Amos Fudge of Toledo, Ohio, and his son-in-law, Presbyterian minister Elwood A. Rowsey purchased Diamond in 1924. The fledgling National Speleological Society organized an expedition to Diamond in October, 1942. Dr. Rowsey and his son, Elwood, and Rowsey’s niece, Jan Alexander McDaniel and her husband, Vernon, ran the cave and campground adjacent to Mammoth Cave National Park until 1982. NSS cavers Gary and Susan Berdeaux, Larry and Mayo McCarty, Roger and Carol McClure, Stanley and Kay Sides, and Gordon and Judy Smith purchased the cave on July 7, 1999 to promote the cave as a historic attraction and develop a national show cave museum. Virgin passages have since been discovered and a new cave found on the property.


Preserving the History of Timpanogos Cave National Monument

Cami Pulham
Cultural Resource Specialist
Timpanogos Cave National Monument
RR 3, Box 200, American Fork, UT 84003
Camille_pulham@nps.gov

Tour caves are often managed for their geological and biological values, historical significances can often be overlooked.  The history of Timpanogos Cave National Monument is one of the park’s unique resources and is in need of protection.  In the mission statement of the monument, it states the need to preserve the cave as well as its historic value.  We are preserving human history by using photography to document current and historical changes, inventorying historic signatures, writing an Administrative History, and maintaining a museum collection and archives.


The Rediscovery of Le Sueur’s Saltpeter Caves in Minnesota

Greg A. Brick
Department of Geology
Normandale College
9700 France Avenue South, Bloomington, MN  55431
greg.brick@normandale.edu

E. Calvin Alexander, Jr.
Department of Geology & Geophysics
University of Minnesota
Minneapolis, MN  55455
alexa001@tc.umn.edu

A 300-year old mystery in spelean history may recently have been solved. In September 1700, the French fur-trader Pierre-Charles Le Sueur reported saltpeter caves along the shores of Lake Pepin, a widening of the Mississippi River, in what is now Minnesota. This is the earliest record of cave saltpeter in the United States. Although these caves have been a topic of discussion at major saltpeter symposia, no one has actually searched for them, to the best of our knowledge. In 2004, small, narrow, crevice caves were identified in Ordovician-age Oneota dolomite outcrops along the river bluffs in Goodhue County, Minnesota. The caves match Le Sueur’s description as well as could be expected given several centuries of slope-wasting processes. While Le Sueur’s journal suggests that he found actual saltpeter, rather than “petre dirt,” no efflorescent salts were seen in the caves. But analyses of floor sediments from these caves and others along the bluffs on both sides of the Mississippi River reveal nitrate concentrations up to over one weight percent—comparable to those of Mammoth Cave.

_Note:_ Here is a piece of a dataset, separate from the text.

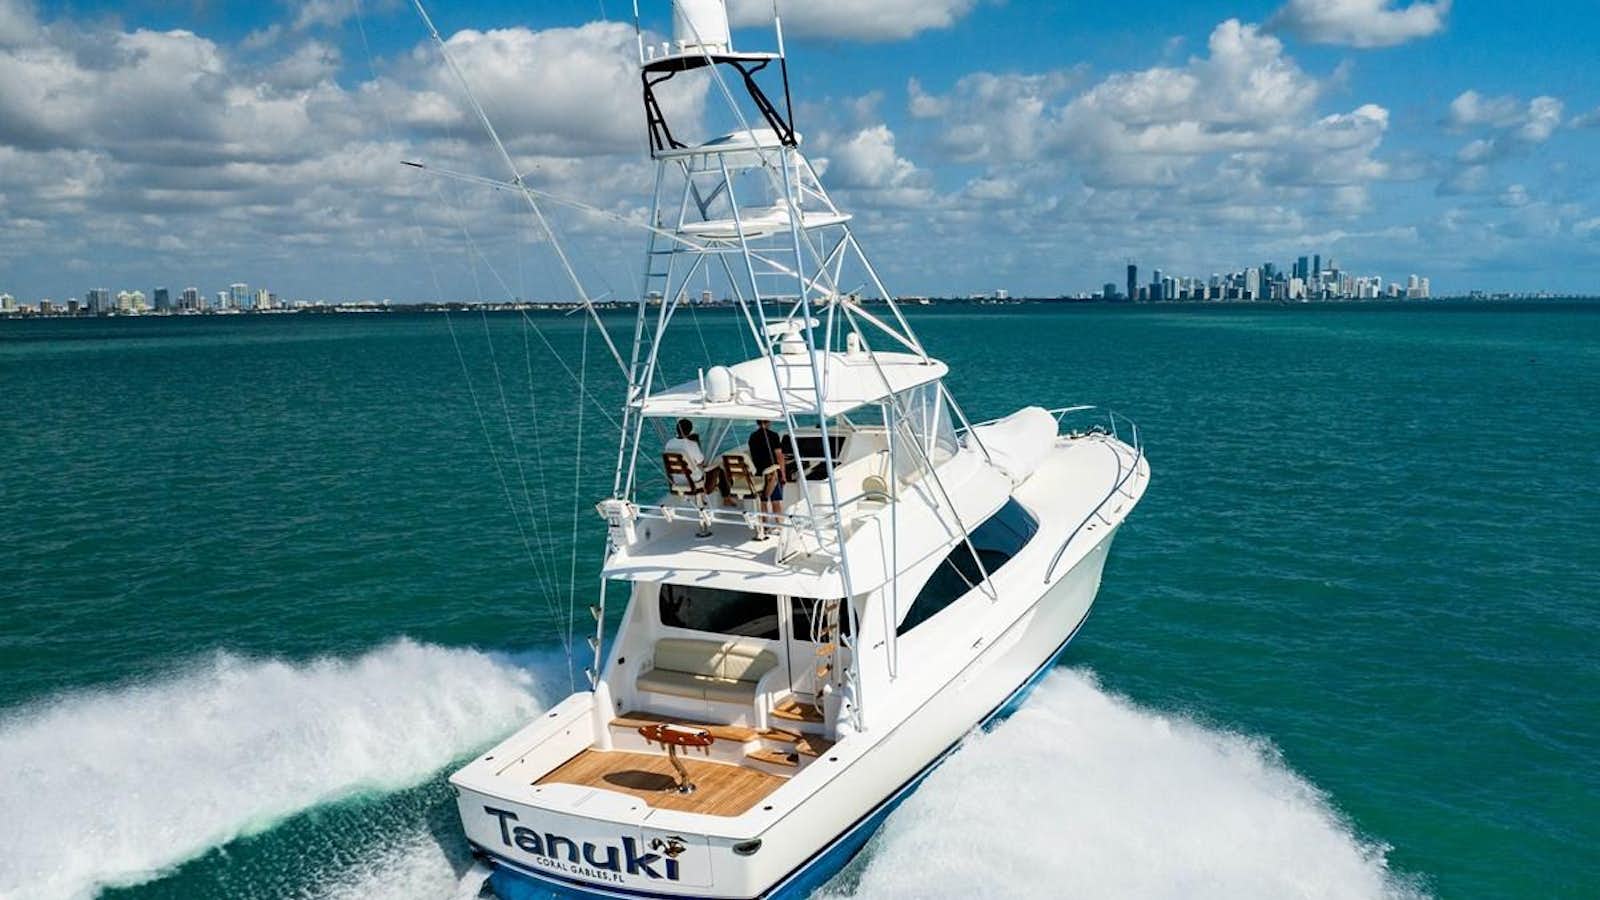 Tanuki
Yacht for Sale

History of Early Ownership and Passage Naming in Grand Caverns, Virginia

Craig Hindman
7600 Pindell School Rd., Fulton, MD  20759
ctider@us.ibm.com

Grand Caverns, in Virginia’s Shenandoah Valley, was known as Amonds Cave when it was discovered by Bernet Weyer on Mathias Amond’s property in 1804.  The cave was commercialized in 1806 and has been operating ever since under a variety of names, including Weyers Cave and Grottoes of the Shenandoah.  The cave was modified for trail improvements over the years, but most of the current commercial trail was in place by 1808.  The cave’s formations and rooms have had a variety of names over the years.  Early names were based on parts of a house (the Ballroom and Balcony) and some features were named for political figures (Washington and Jefferson Halls) or religious figures (Solomon’s Hall).  The names of the features have varied over time based on the cave owner’s whim and, perhaps, political correctness.